Red May is a month-long spree of red arts, red theory, and red politics based in Seattle, Washington. They gather in bookstores, movie theaters, bars, parks, cafes, alleys, auditoriums, and online to share in discussion and plot ways forward toward a world in common: a world beyond capitalism.
Full schedule coming soon.
The Worker’s Council from the Commune to Autonomy:
Catch up — or rewatch — the final episode of Jasper Bernes’ invigorating series, The Worker’s Council from the Commune to Autonomy.

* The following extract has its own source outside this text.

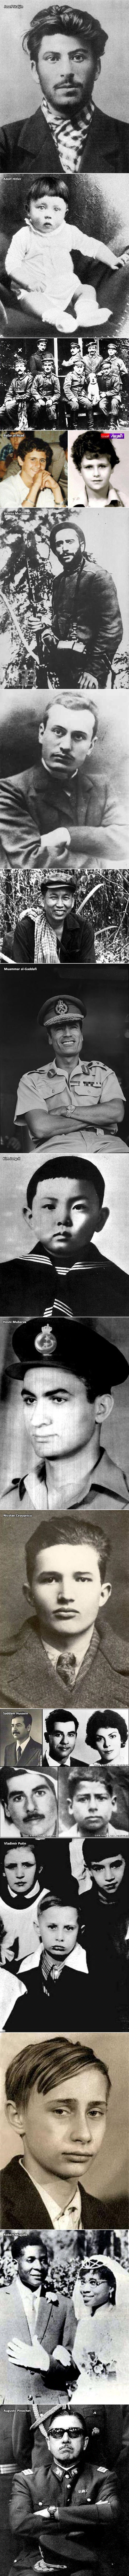 LICA ZLA: Dječje fotke najbrutalnijih diktatora svijeta
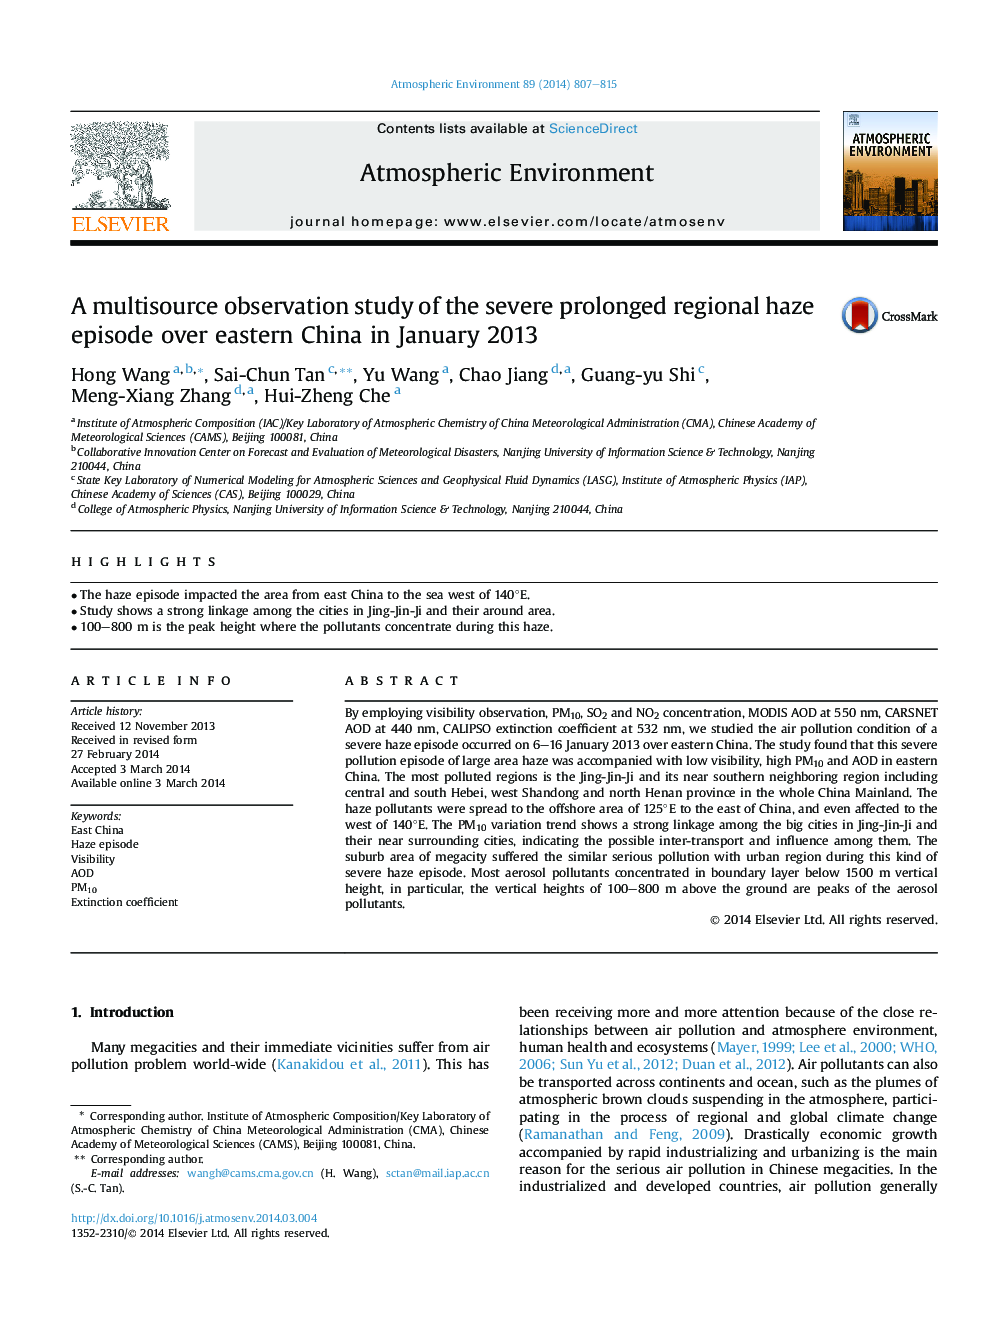 مطالعه ی چندرسانه ای در طول ماه ژانویه 2013 در منطقه خیز منطقه ای شدید در شرق چین

The twentieth century can count only one truly new communist idea: the workers’ council, which emerged in Russia in 1905 as part of a revolutionary mass strike movement. But what is a workers’ council, or soviet, and how does it follow from the nineteenth-century theory of the commune? Is there an underlying concept of proletarian self-organization which both these theories of class struggle share? And what role do these theories leave for the party? What is the relationship between the workers’ council, which vanished from the world at the moment of its greatest extent, in the 1970s, and the turn, in struggle since then, to an autonomy without councils. In tracing the story of the workers’ council from the Paris Commune to the present era, we will define, as a matter of preliminaries, the basic contours of revolution in our time. Not the council or the commune, perhaps, but what the council hoped to achieve. The focus here is as much on the practical history of the communist movement, as it is on the intellectual history of the movement of communists. Works by Rosa Luxemburg, Jan Appel, CLR James, Paul Mattick, will be read in the context of the Paris Commune, the German Revolution, the Spanish Civil War, May ’68, and the Carnation Revolution.